Colorado’s Mystic Mountain Distillery opened all the way back in 2004 in the small town of Larkspur, Colorado. Colorado Fog Gin is one of the elder statesmen among the state’s craft gins.
Humbly, I first tried it in the early ’10s. Now that I’ve called Colorado home for seven years, I’m trying it again.
Colorado Fog Gin is distilled from a base of grain and prominently features Rocky Mountain water in its recipe.
We are reviewing Batch #1234
Aroma: Relatively quiet on the nose, Colorado Fog Gin starts with some subtle hints of citrus and piney juniper. It’s botanically sedate.
Flavor: Again, it’s rather quiet. Early, slightly chewy with some hints of licorice root. Juniper is on the mid-palate, at only a low volume. It’s not particularly piney, but instead green and slightly herbaceous. Citrus zest, with a bit of pithiness rounds out the mid-palate.
Late, alongside the citrus there’s some gentle floral/herbal notes with a fair amount of rooty character. It reminds me of mallow root a bit, but there’s a part that is a bit more licorice and coriander as well.
Finish: Mildly warm, but quiet botanically, the finish of Colorado Fog Gin has some notes that suggest a wheat base. It finishes fairly quickly with a touch of bitterness that dries out the palate.
Cocktails and suggested serves
Colorado Fog Gin works well in many mixed drink applications— it pairs perfectly with tonic water, especially flavored ones. Though they can overpower the botanicals which are quiet overall.
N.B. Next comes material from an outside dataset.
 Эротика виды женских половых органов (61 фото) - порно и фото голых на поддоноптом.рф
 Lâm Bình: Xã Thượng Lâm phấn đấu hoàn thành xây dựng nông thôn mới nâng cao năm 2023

In mixed drinks, it’s best as a supporting spirit rather than the star. While it works well in a Clover Club Cocktail or Negroni, it’s less ideal in a Martini where some of its rougher edges might still show through.
Overall, Colorado Fog Gin
Colorado Fog Gin is a solid, affordable option if you’re looking for a local mixing gin. It is a worth a look at its price point; however, some might find it a bit unmemorable. The botanical bill is quiet while the finish is almost vodka like in its subtlety.